Get Started with Data Modeling in SAP Data Warehouse Cloud
Before we start our tour into SAP Data Warehouse Cloud world, I’d like to mention, that all content here was written based on the Beta Version of SAP Data Warehouse Cloud. Software settings, coding and/or code snippets are examples. They are not for productive use. This blog post is only intended to better explain and visualize new functionalities in SAP Data Warehouse Cloud.

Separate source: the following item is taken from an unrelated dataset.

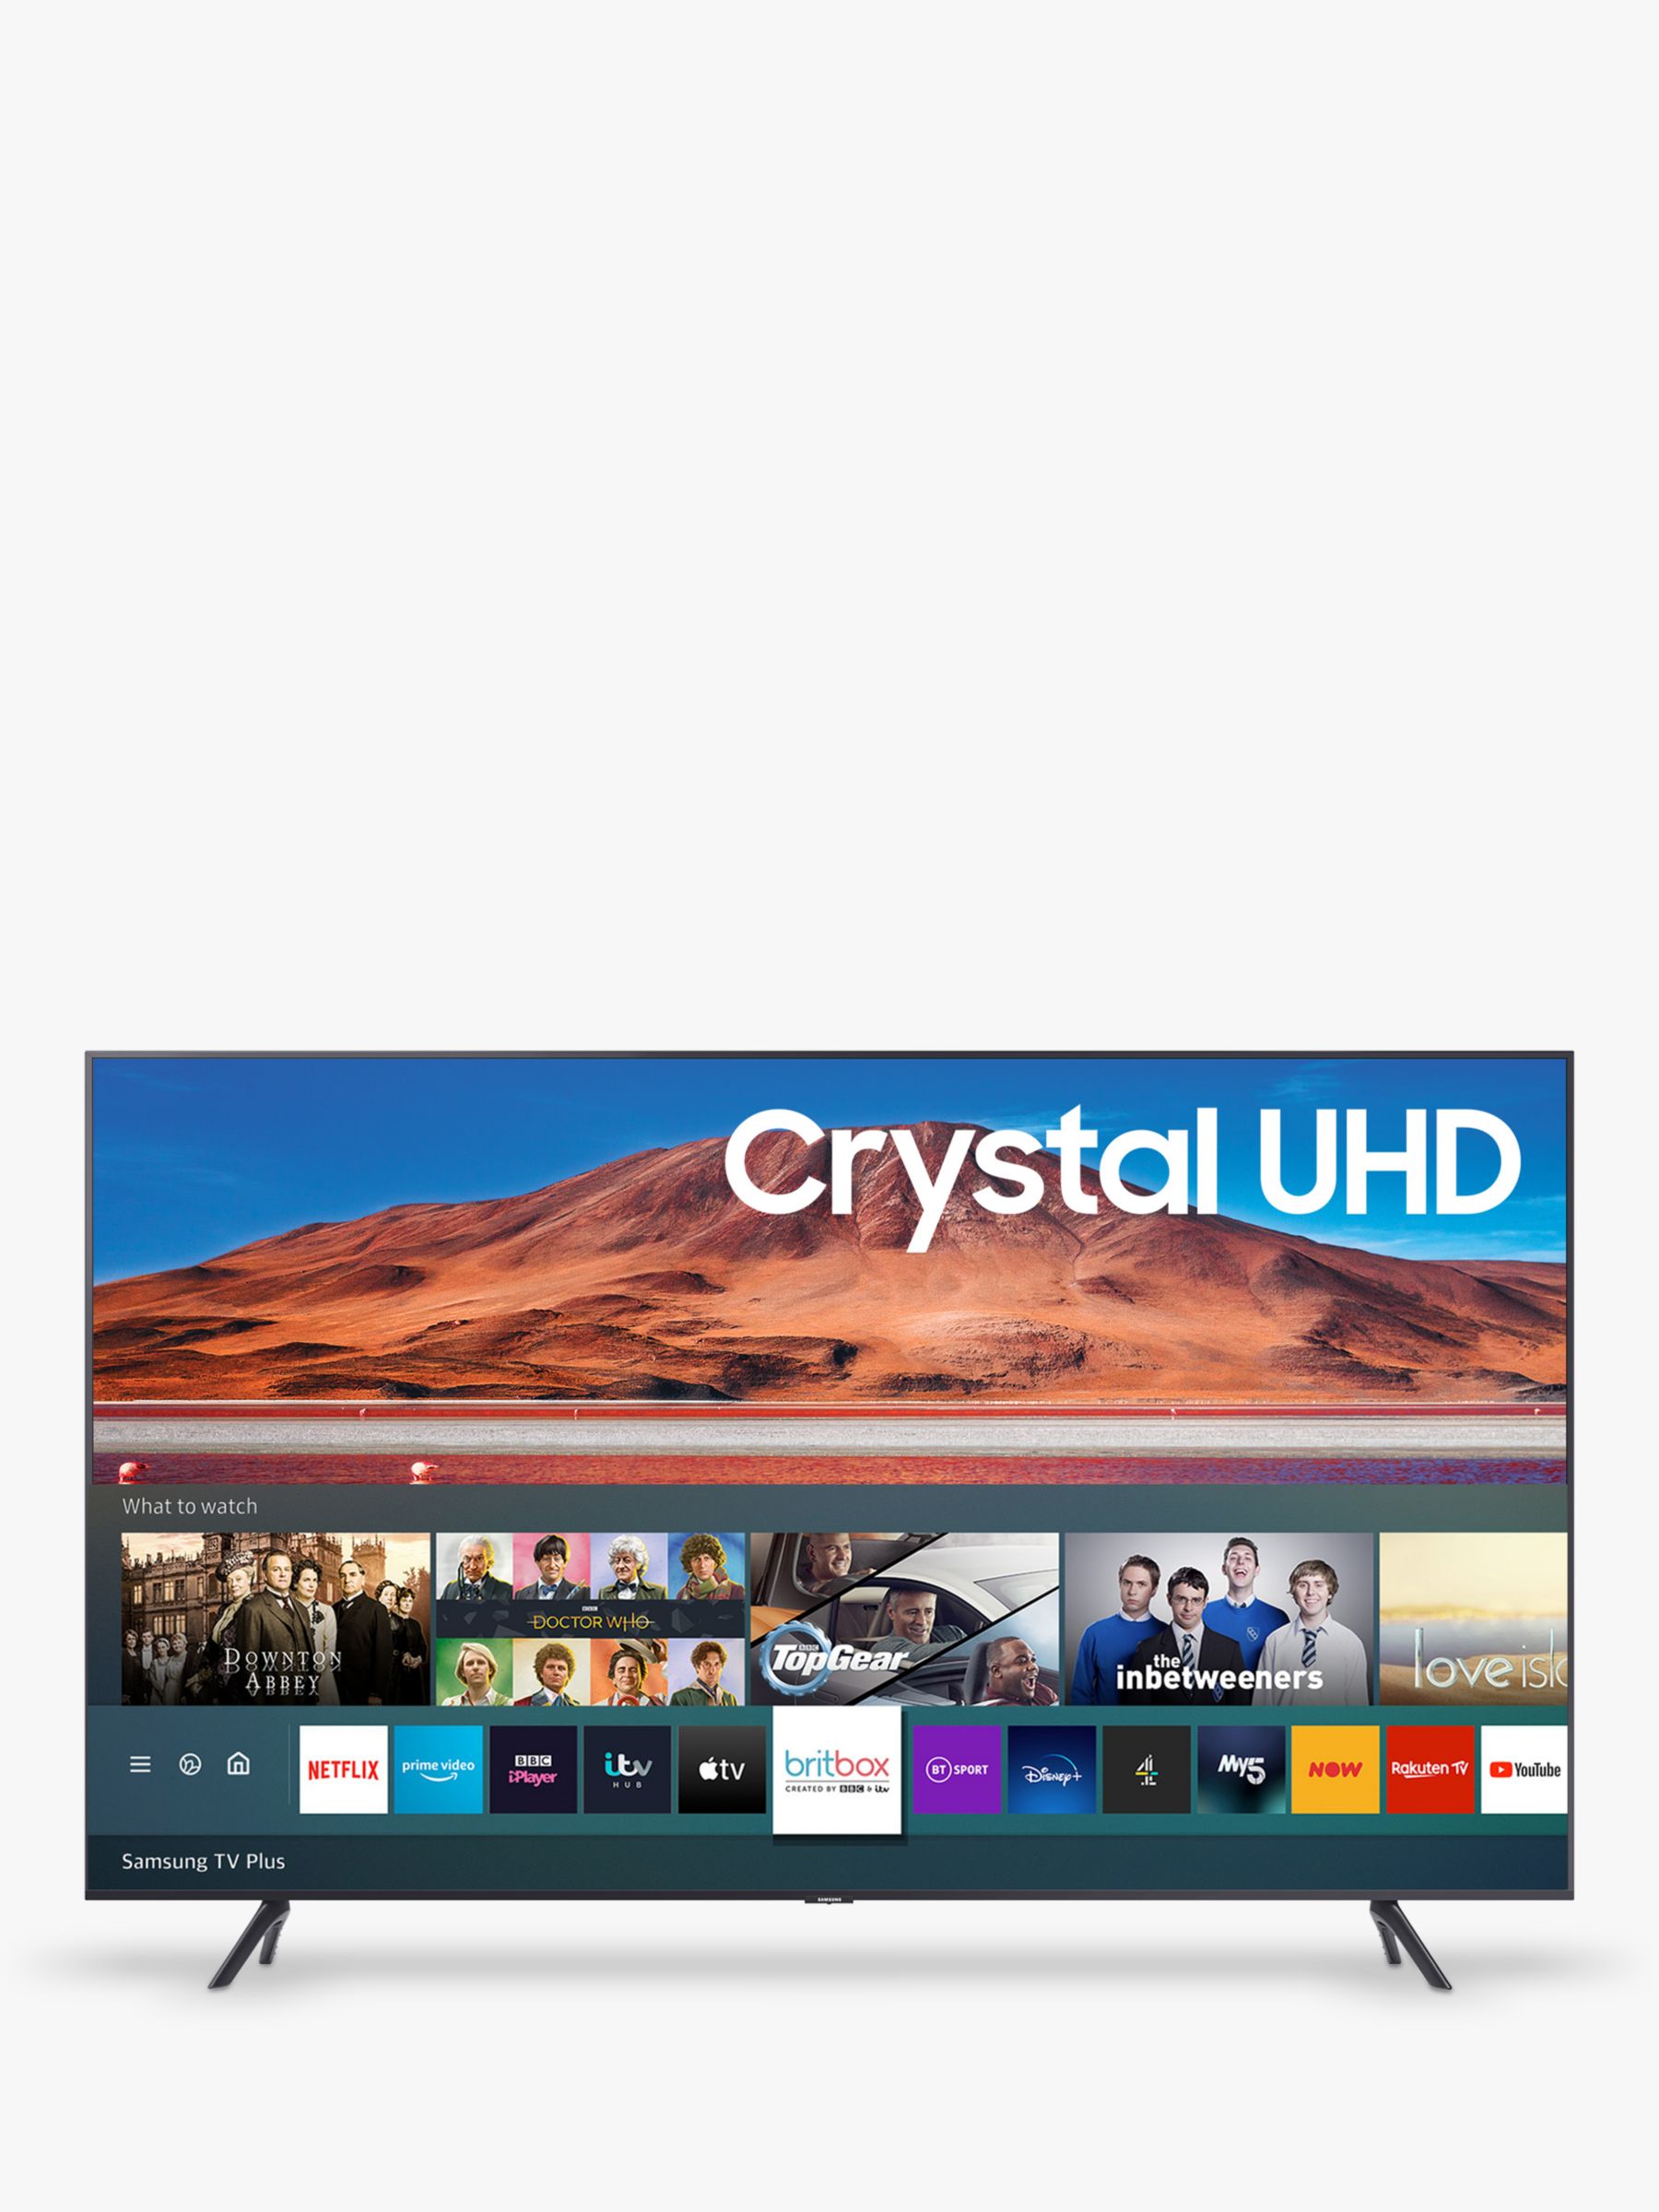 Samsung UE50TU7100 (2020) HDR 4K Ultra HD Smart TV, 50 inch with TVPlus, Carbon Silver

Also, consider that experimental features are not part of the officially delivered scope that SAP guarantees for future releases. This means that experimental features may be changed by SAP at any time for any reason without notice.
All set then?
As you already know, SAP Data Warehouse Cloud is an end-to-end warehouse in the cloud that combines data management processes with advanced analytics.
This blog post will be divided into 6 steps to give you a feeling of what is available there for Data Modeling:
- 1 step || Agent Settings
- 2 step || Create your Connections
- 3 step || Create your Space
- 4 step || Data Modeling
- 5 step || Business Catalog
- 6 step || Create Stories
1 STEP || AGENT SETTINGS
To get started with a more like “real” scenario in SAP Data Warehouse Cloud Beta Version, we will use a on premise SAP HANA and SAP BW/4HANA systems as sources. For this, we need to execute some steps.
In Administration Console, we have to register one data provisioning agent. It is needed because SAP Data Warehouse Cloud connects to on-premise systems through Smart Data Integration and its agent.
You can install DPA wherever you want. I have installed mine in my own machine for example.
If you need some help on DPA installation, check it out: Configure Smart Data Integration with the SAP HANA Service.
When you click on [Create Agent Communication Credentials], you have to choose a name for your agent (this is the name you’re going to use in dpagentconfig.ini.) and take note of all settings as follows:
The complete setting for getting it done is available on Connecting to On-Premise Sources.
When DPA is set and agent is started, give some time to Agent status to change ?
When it is connected, it’s done!! You can create your connections.
2 STEP || CREATE YOUR CONNECTIONS
In Beta version, only three (3) connections are available at the moment:
For our case, let’s use ABAP and HANA connections. They are very simple to be set.
Once you choose you Data Provisioning Agent, you just have to insert your environment settings.
On the connection icon, you can check if connection is ok (take care about your browser cache and auto-filling settings, sometimes it might bother you in getting the connections work fine).
3 STEP || CREATE YOUR SPACE
Spaces will allow you to manage the artifacts you created in it. Spaces are decoupled, yet open for flexible access, so your users can collaborate without having to worry about sharing their data. To model your data and create stories, you need to start off with a space.
Let’s do it then. by selecting + button on tile or on menu bar of Space Management.
In the first tab, you can set total storage to assign to the space as well as how much of that disk storage can be leveraged as in-memory storage.
In tab Users, you have to assign all users you want to have access to the space (remember to do it, if you don’t, you won’t see anything in data builder to create your models).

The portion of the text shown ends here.